Monday, October 21, 2013

How Radical Is Obamacare?

Conservative Republicans have been claiming that the ACA will revolutionize healthcare in the US.  Some even refer to it as socialism.  Some even claim that it will destroy the US economy.  In fact, it is far from a radical change in in our healthcare system.  The majority of Americans are covered by employer healthcare plans.  Therefore, there will be no change for most Americans.  Actually, more dependents will be covered by employer plans because their coverage has been extended from age 22 to age 26.

The big change from the ACA will occur for those who are currently uninsured.  The plan originally increased the number of insured by 30 million.  That number has been reduced to 23 million by the decision of some states to defer an increase in Medicaid that would be primarily funded by the federal government.

The ACA is expected to cost around $1 billion to extend insurance coverage to millions of Americans.  That is a relatively small number compared to $2.7 trillion that we currently spend on healthcare in the US.  There are several parts of the plan that will help to cover the cost.  Healthcare providers expect to see a large increase in revenues as more Americans will be covered by insurance.  They have agreed to price reductions in order to expand their revenue base.  Some providers will also pay higher fees and some will pay taxes.  For example, medical devise firms will be subject to a 2.7% tax.  The Medicare tax will also be made more progressive.  High income households will pay a slightly higher tax and and non-wage income will also be taxed.

The ACA is also very far from socialism.  Private insurance companies will provide the coverage for those who are currently uninsured and healthcare services will continue to be provided by private firms.  The healthcare exchanges will also make it easier for consumers to compare the plans that are offered by insurers.  That should increase price competition in the insurance market.

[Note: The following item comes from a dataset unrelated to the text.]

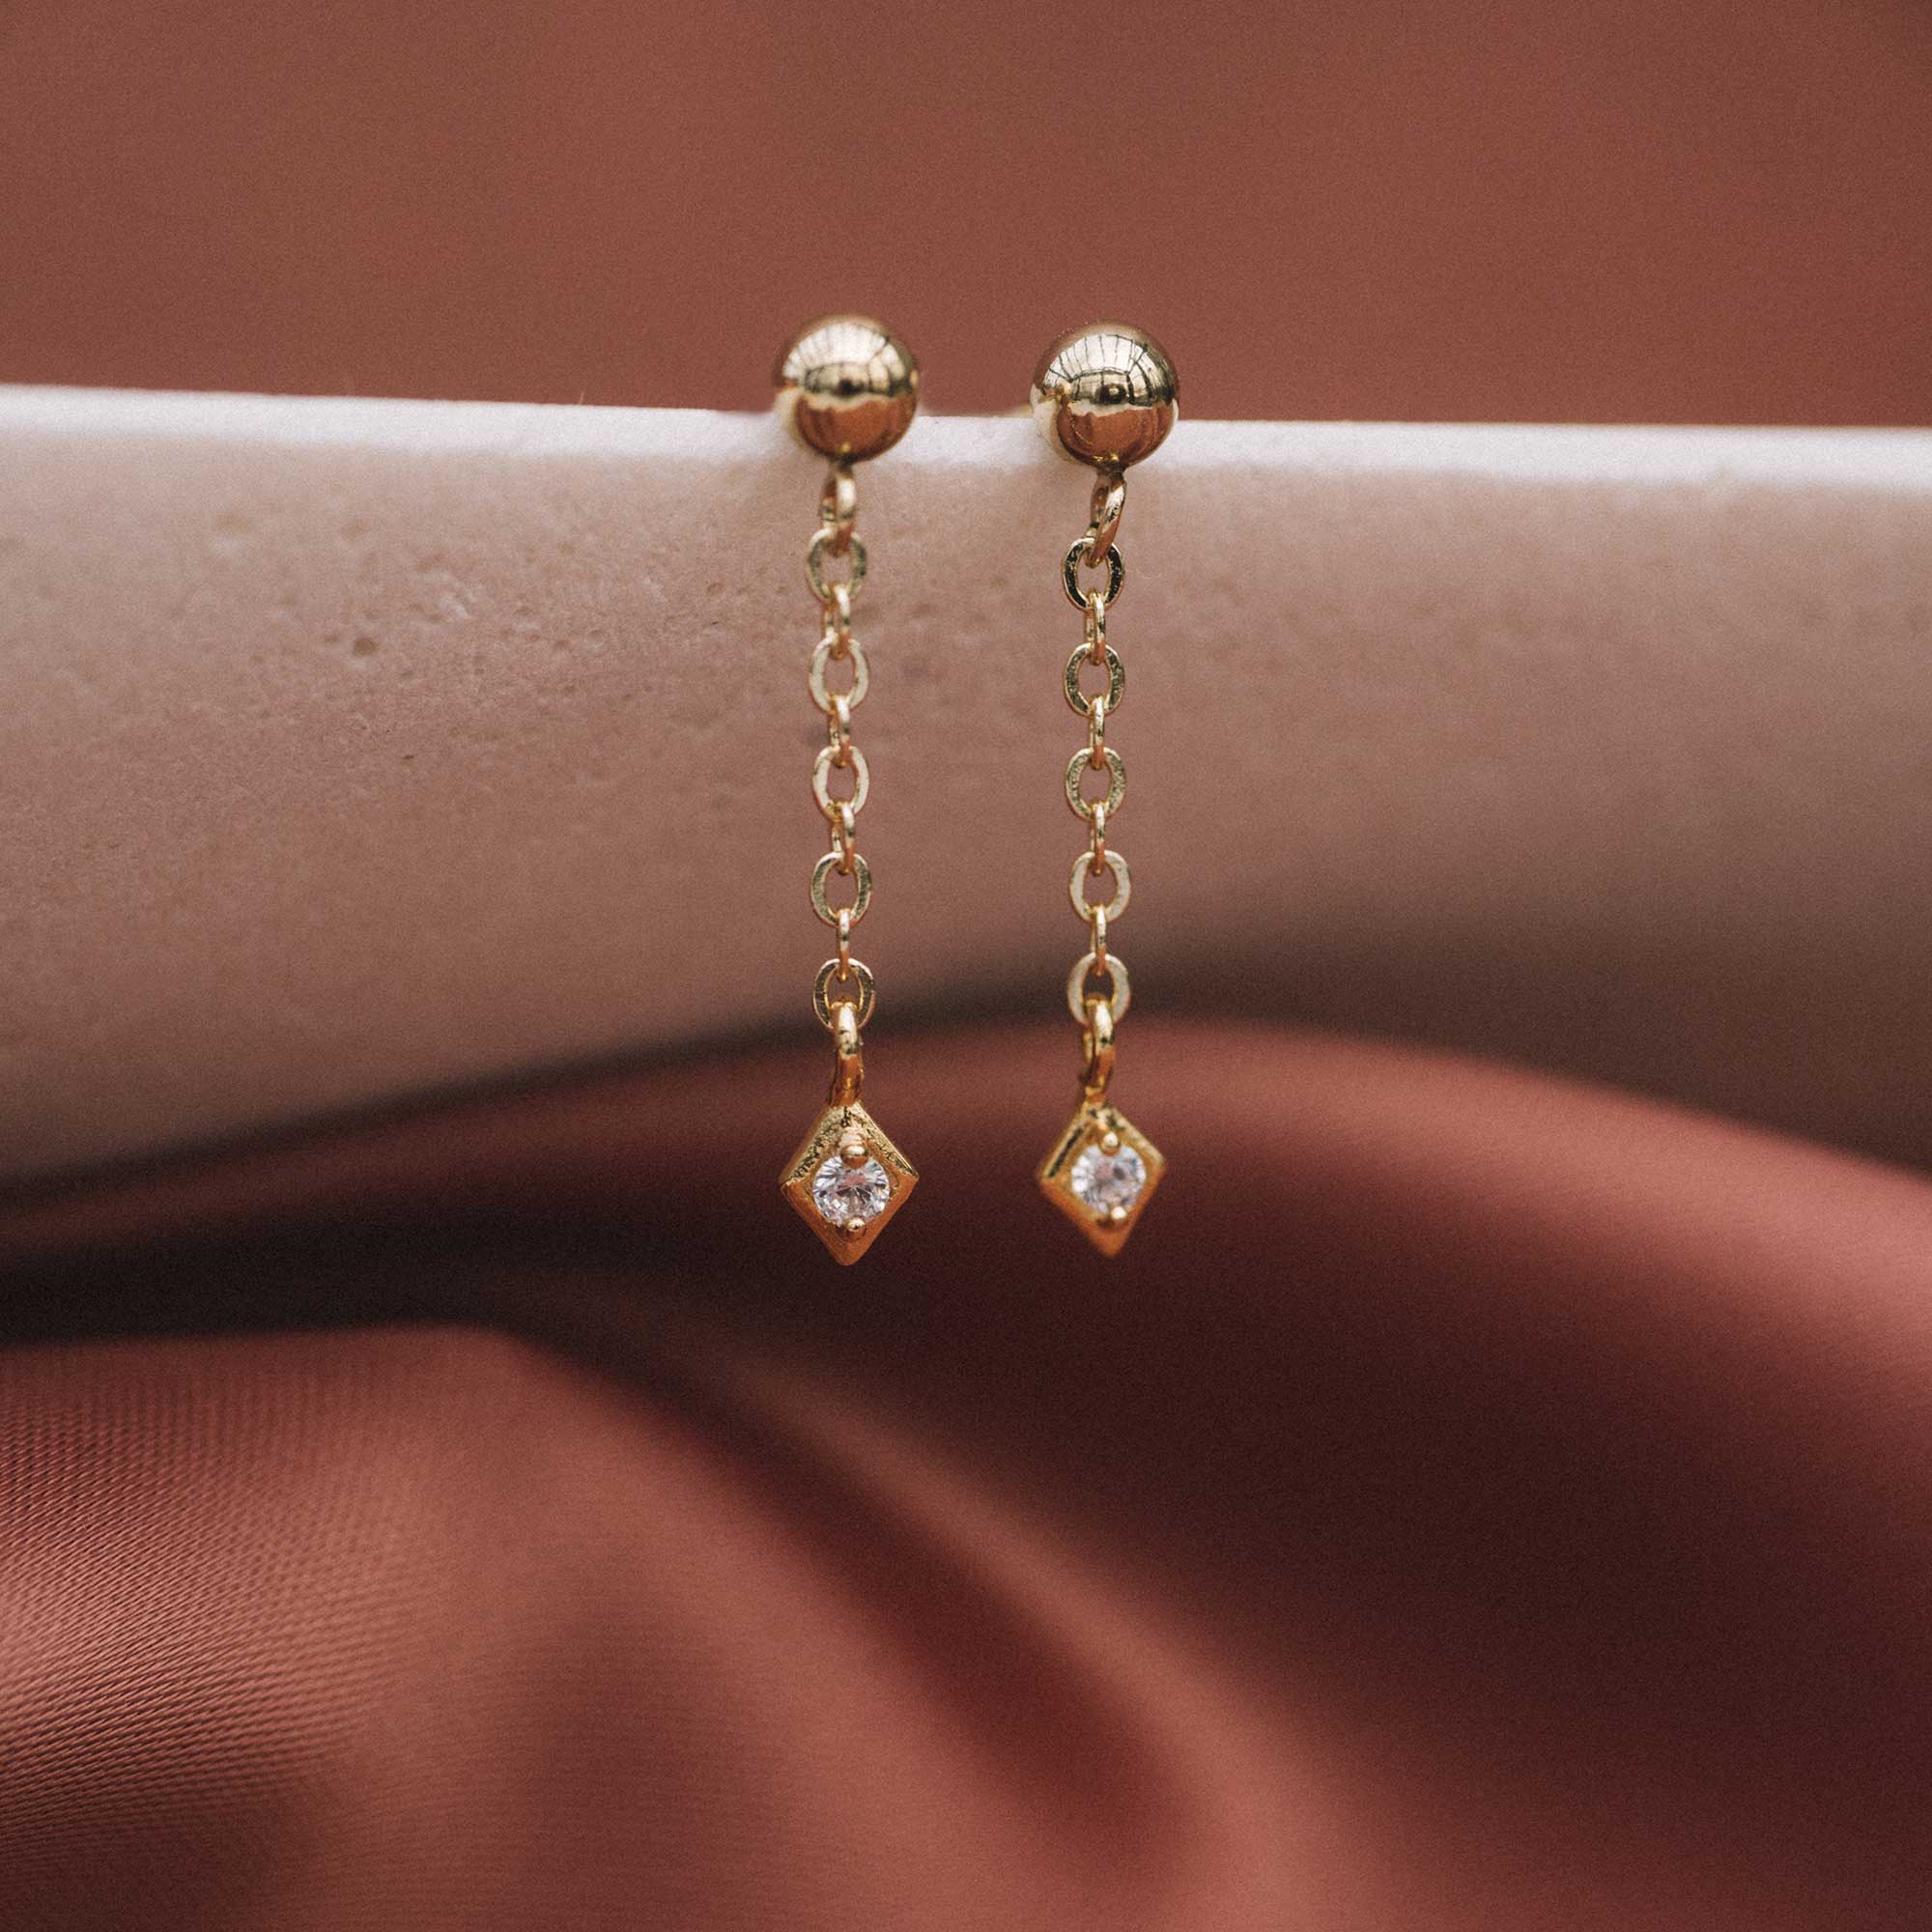 cubic and gold earrings sandrine devost jewelry
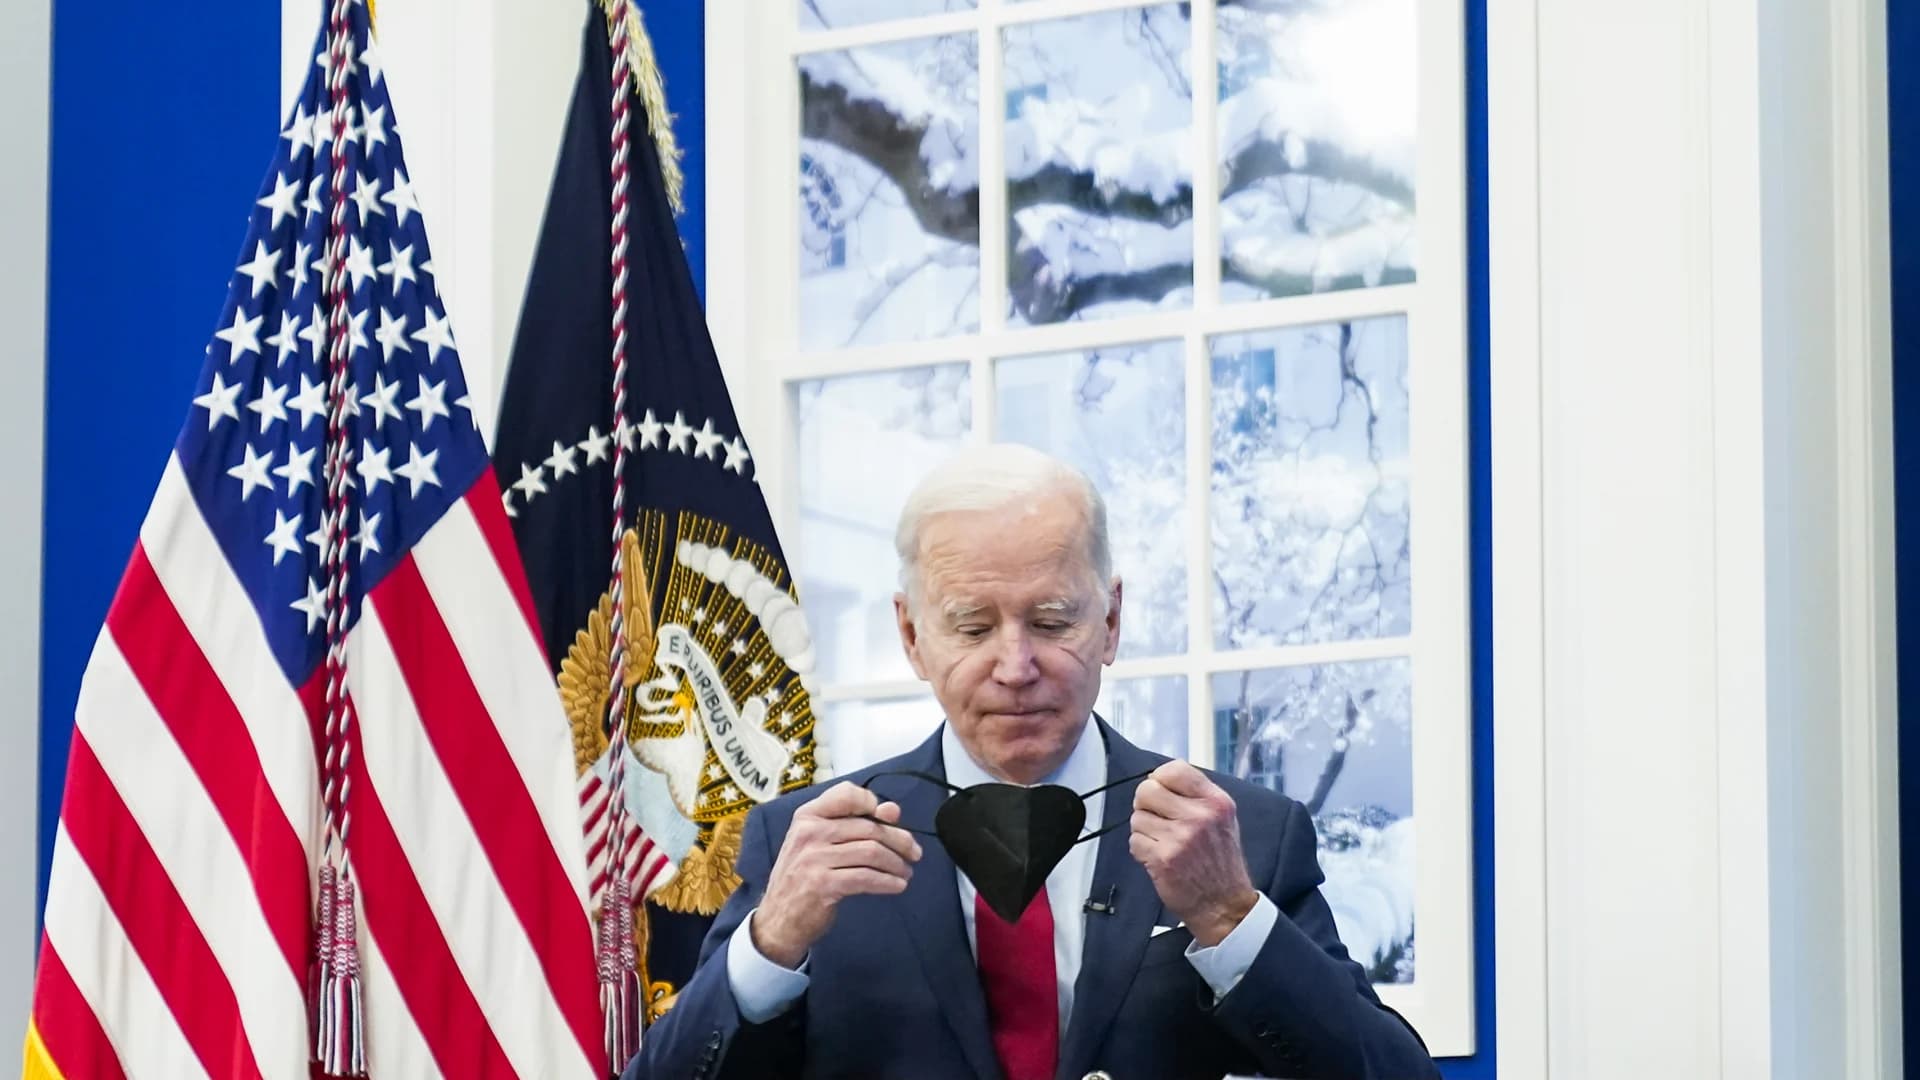 President Biden urges concern, not alarm as Omicron rises

In conclusion, the ACA is far from a revolutionary change to healthcare in the US.  The basic model of the ACA was designed by the conservative Heritage Foundation.  The intention was to retain the major features of the US healthcare industry in contrast to the single payer plan that is used in Canada.  Provincial and National governments in Canada play a much larger role than they do in the US.  Private insurers play a very small role and the government is much more active in regulating the capacity and cost of healthcare delivery.  Many Americans would have preferred something more like the Canadian system which has universal coverage and a much lower cost per enrollee than the US system.

There are bound to be lots of issues with ACA as it is implemented.  There were lots of problems with Social Security when it was first implemented.  Over time time Social Security was improved and we can anticipate improvements with ACA as we gain experience.  Hopefully, GOP opposition to an essentially conservative plan that happened to legislated by the wrong party will not interfere with the implementation.